Communist jokes aren’t funny unless everyone gets them.
What do you call a Communist sniper? – A Marxman.
What do you call a communist pirate ship?
The USS Arrrrr.
An artist is commissioned to create a painting celebrating Soviet-Polish friendship, to be called “Lenin in Poland.” When the painting is unveiled at the Kremlin, there is a gasp from the invited guests. The painting depicts Lenin’s wife naked in bed with Leon Trotsky.
“But this is a travesty! Where is Lenin?” Asks one of the guests.
“Lenin is in Poland,” replies the painter.
What do you call a Frozen communist? Hammer and Pop sicle
in normal country they have lemonade in soviet russia they have Leninade “refresh yourself with a cold war.”

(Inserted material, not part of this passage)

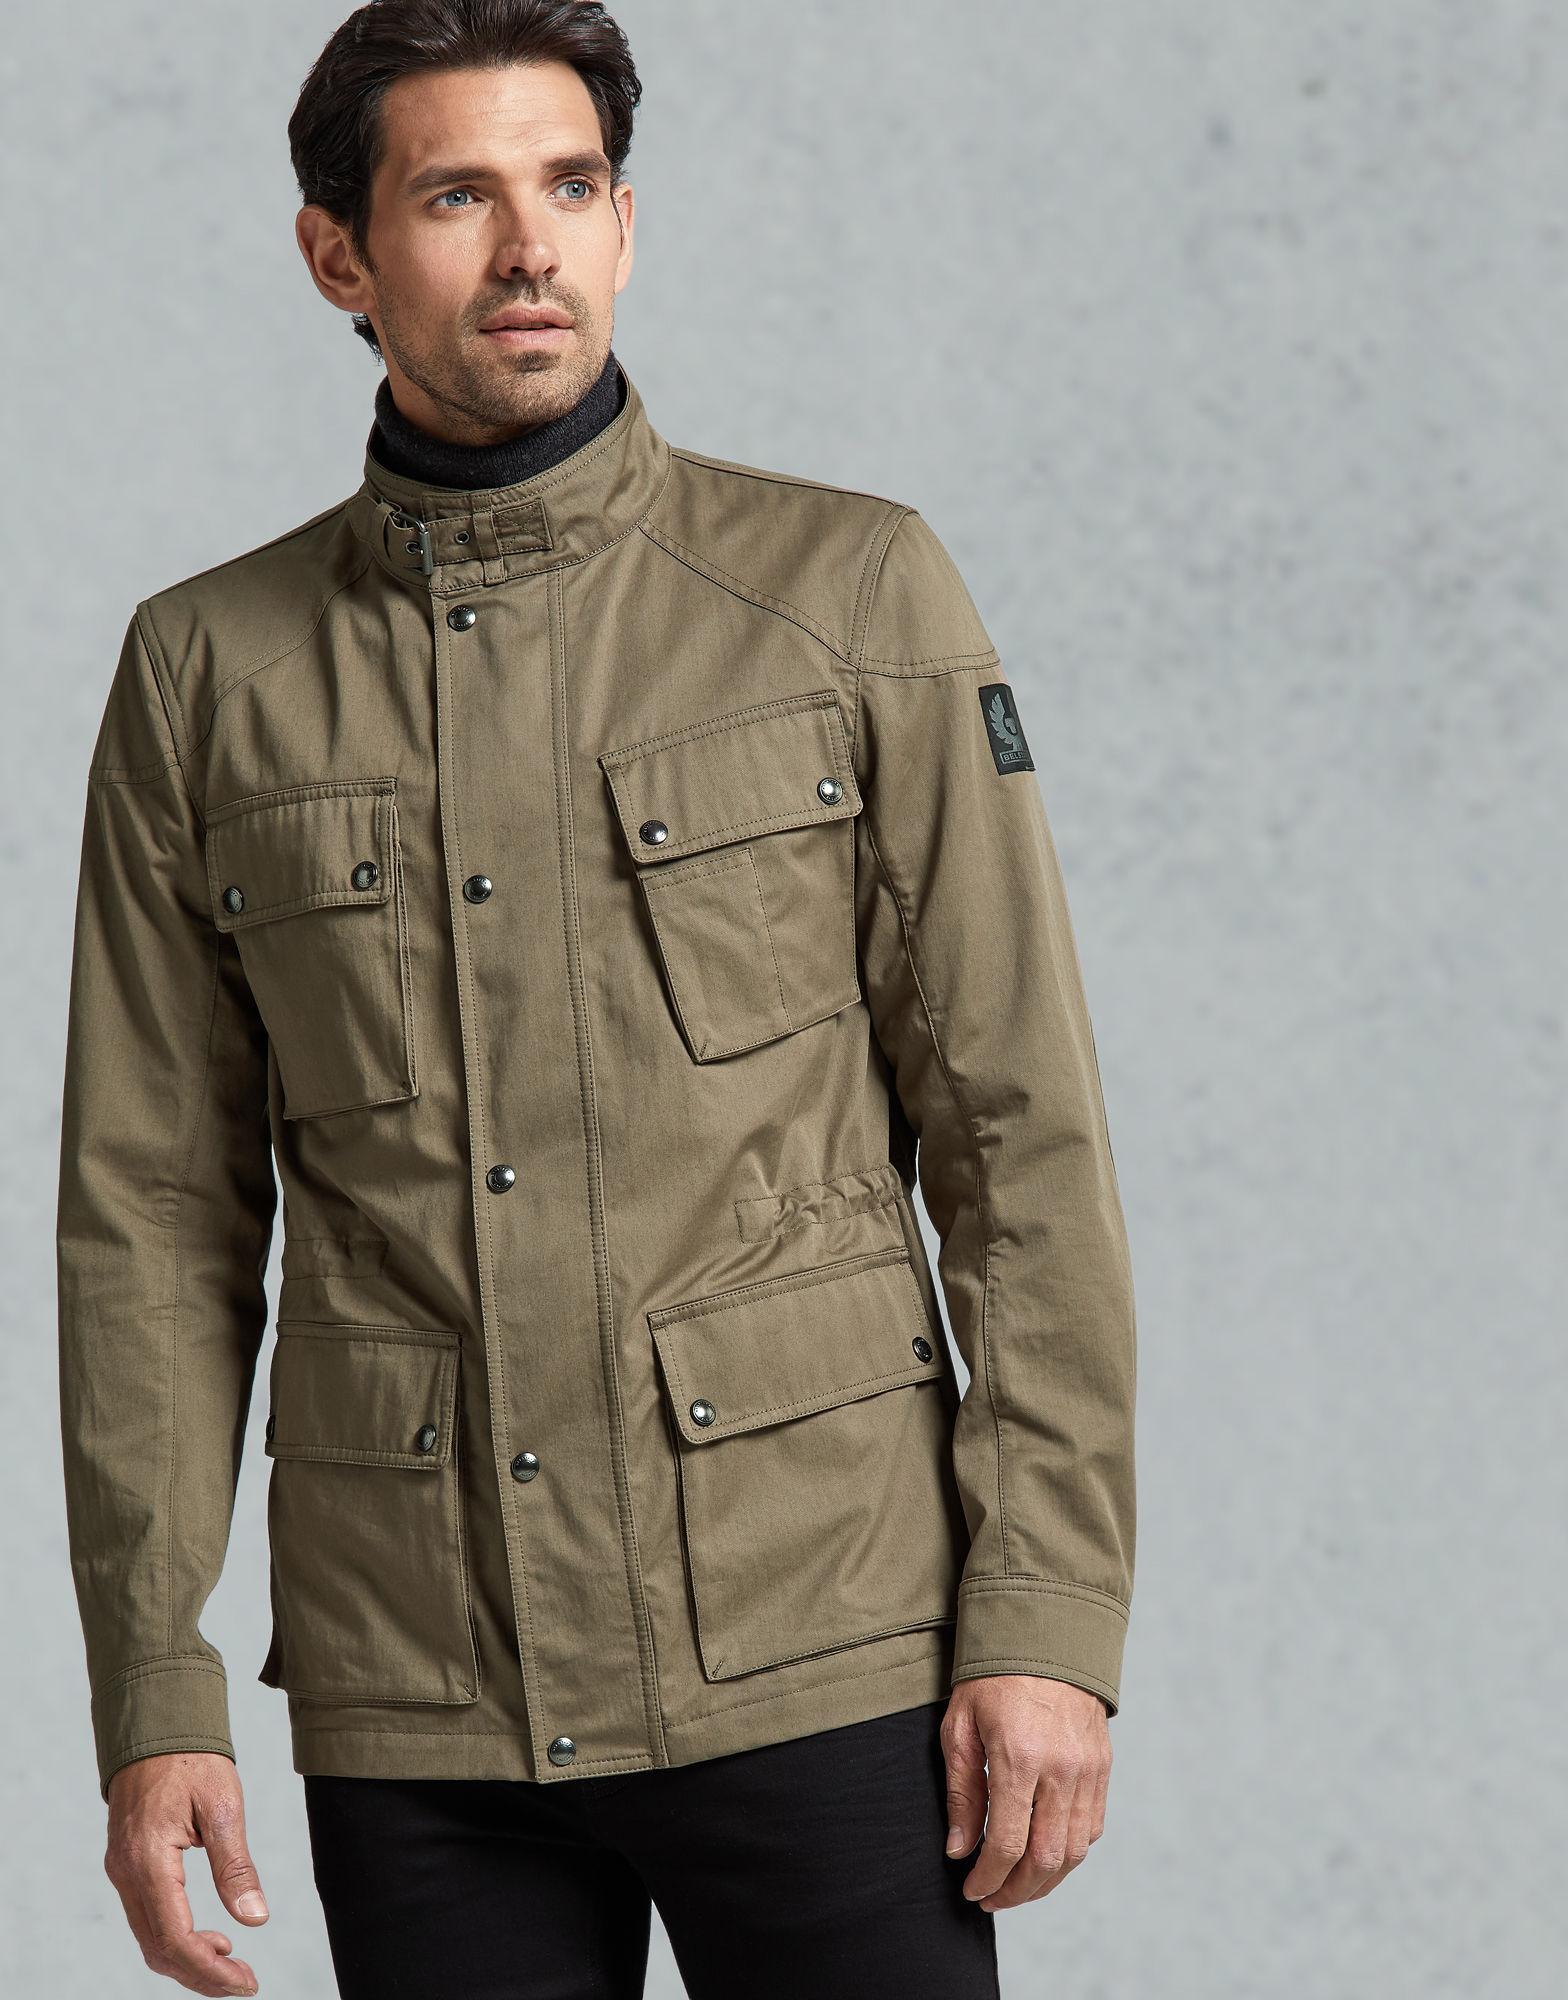 belstaff fieldmaster jacket review

How do you tell the difference between Communist and everybody else? The way they are spelled
My wife was run over
In communist Russia there is no discrimination. White, black, African, American, British and Asian. They all go to Gulag eventually
Communism jokes aren’t funny unless everyone gets it
what’s Hitler’s favorite yu-gi-oh card
B L U E E Y E S W H I T E D R A G O N
How Many Communist Does it take To Change Lightbulb? Never Enough
What does ACLU stand for? American Communist Lawyers Union
communist jokes suck … unless everyone gets them.
What’s worst than communism? CAPITALISM
what do you call a communist
i hate it when i accidentally eat out my dog lol
In normal country you call it Yugoslavia. In soviet Russia its call aregoslavia.
In normal country you call it Yugoslavia. In soviet Russia its called yugostravia.
Why are Communists consider d the left? Because they can’t do anythimg right.
What is Beyonce’s favorite fast food chain? dairy QUEEEEEEENNNN!